-------- Raw data --------
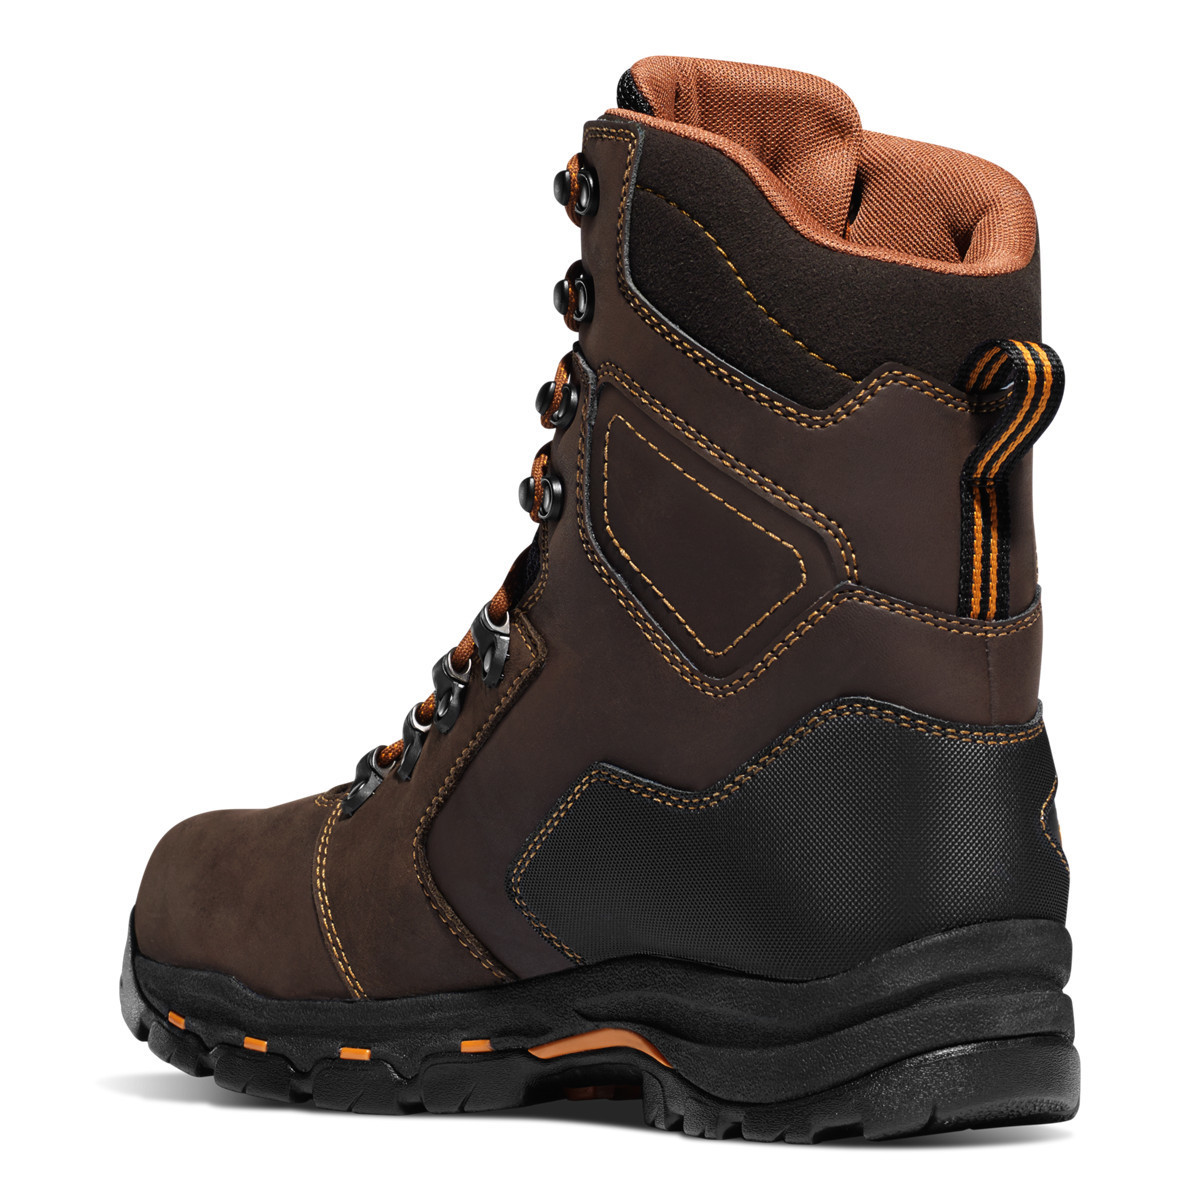 Danner Men's Vicious 8" Brown 400G Insulated NMT Work Boots Brown Chaar
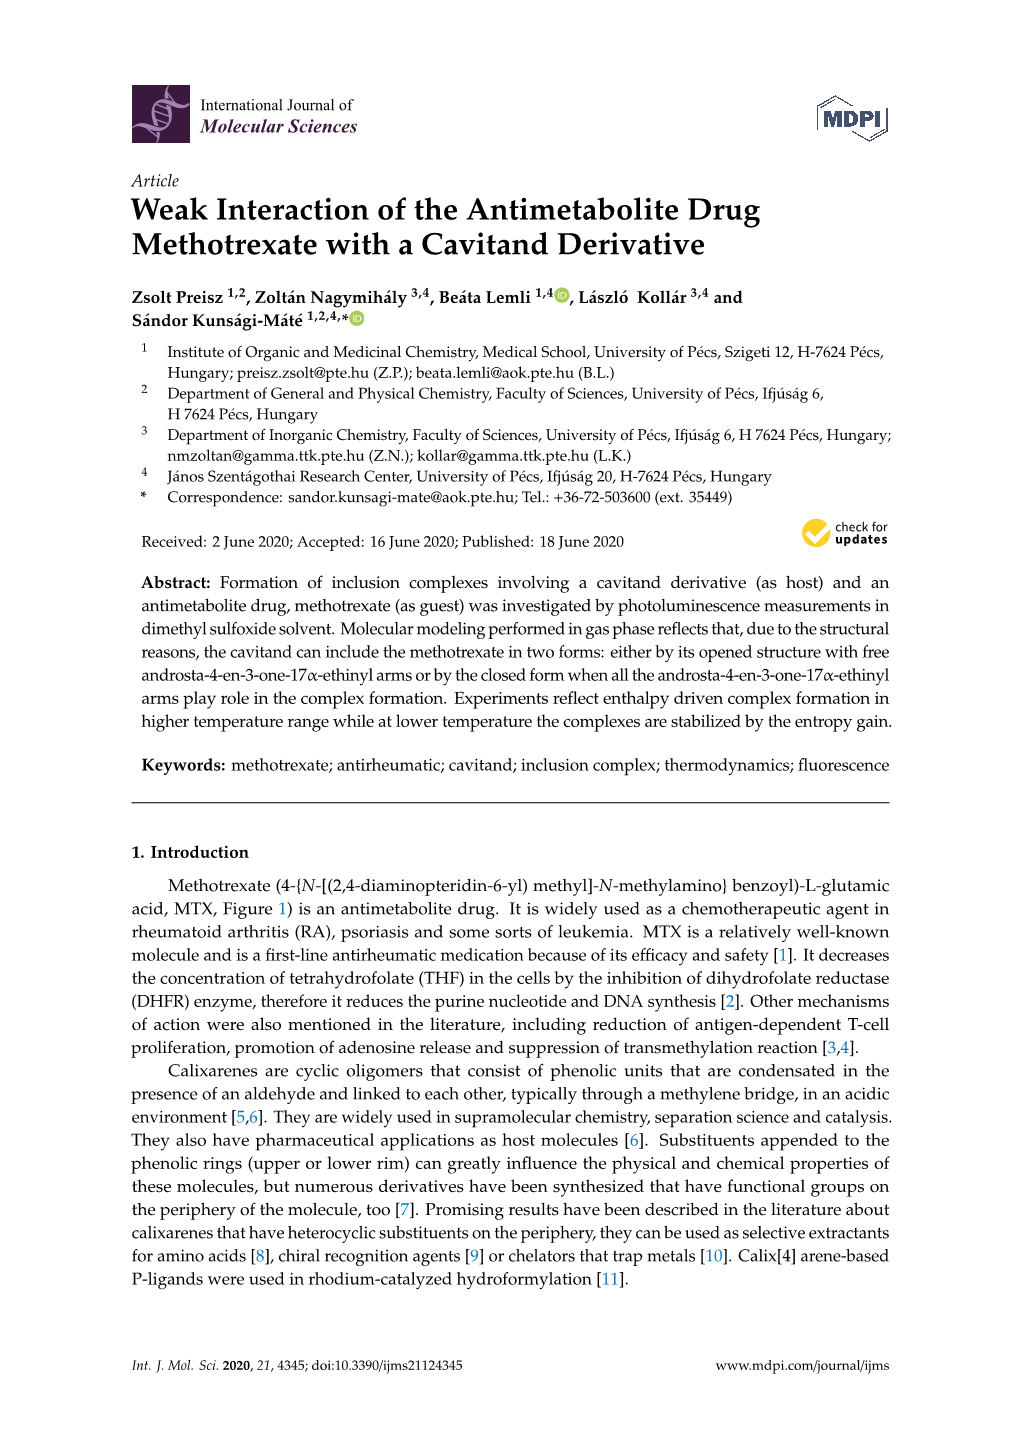 Weak Interaction of the Antimetabolite Drug Methotrexate with a Cavitand Derivative
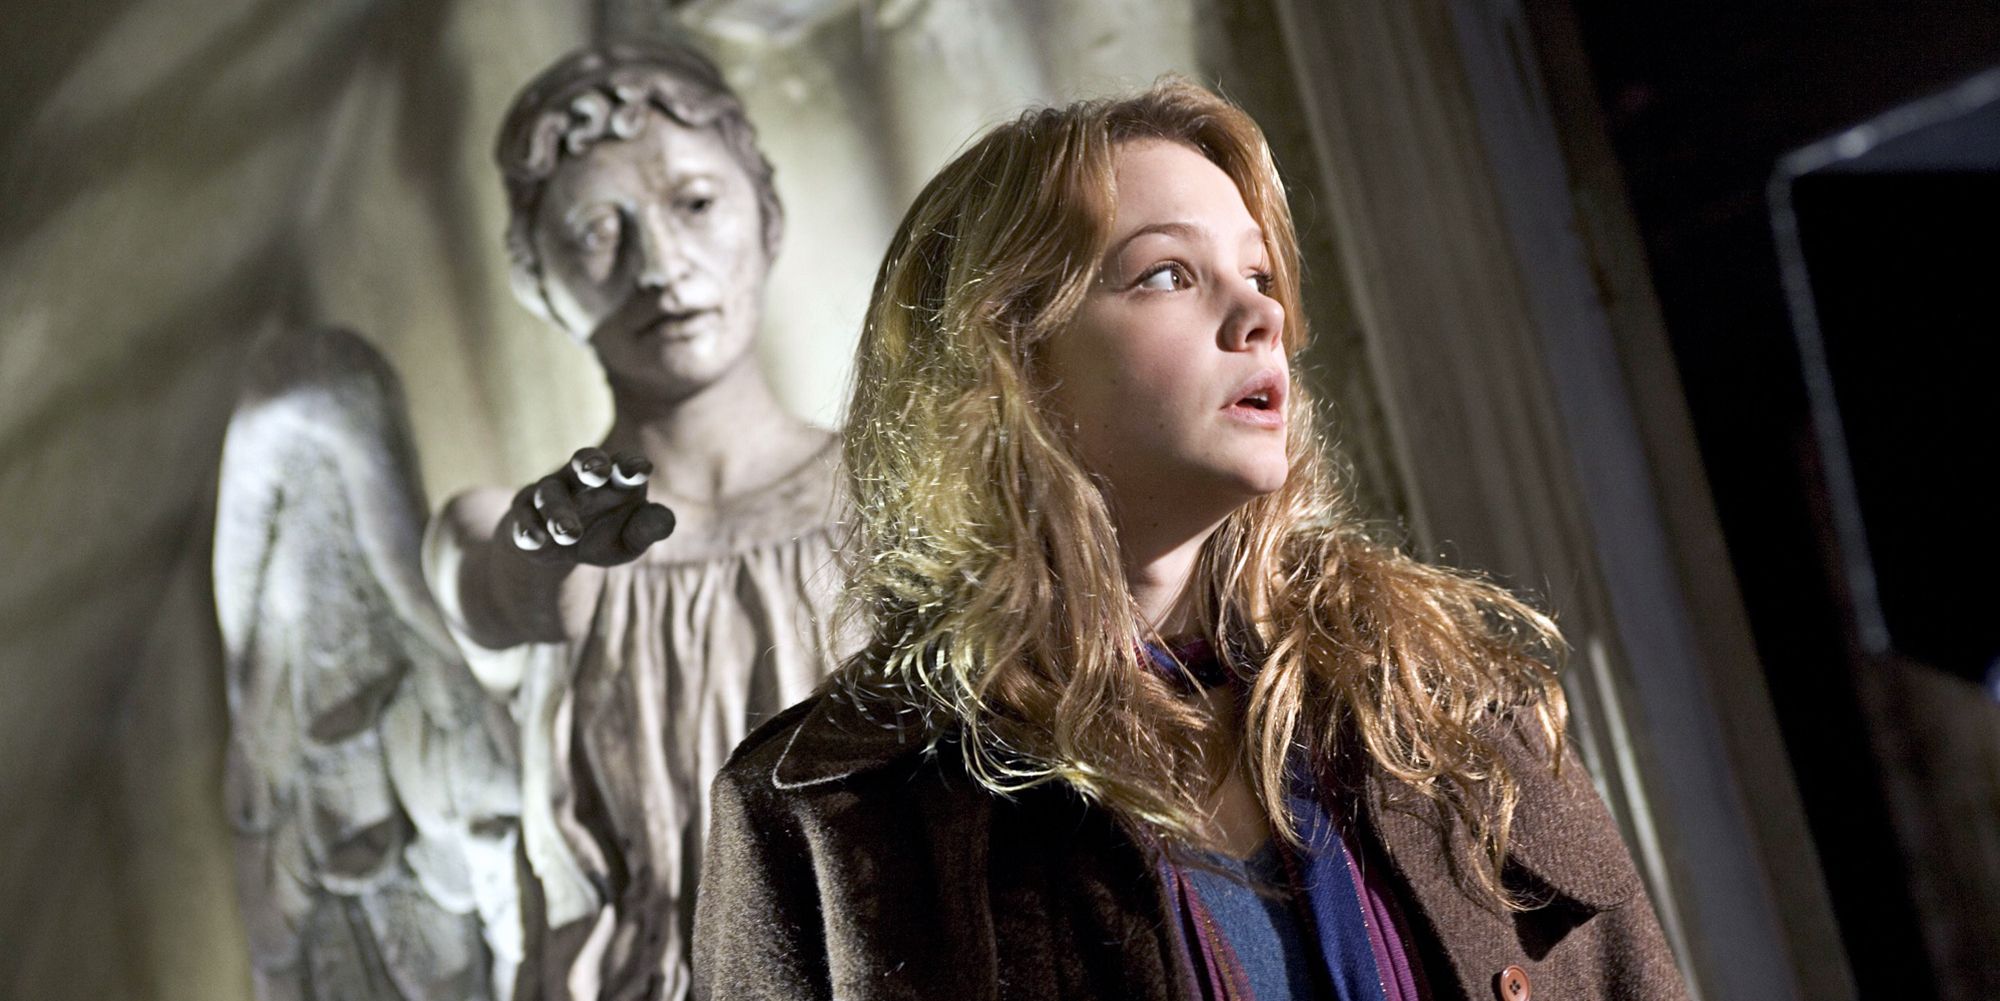 The Weeping Angels appeared to run out of steam when chasing Sally (Carey Mulligan) in
--------
#### What is needed
Would you print the whole listing exactly, omitting the pictures?

#### Worked solution
 Danner Men's Vicious 8" Brown 400G Insulated NMT Work Boots Brown Chaar
 Weak Interaction of the Antimetabolite Drug Methotrexate with a Cavitand Derivative
 The Weeping Angels appeared to run out of steam when chasing Sally (Carey Mulligan) in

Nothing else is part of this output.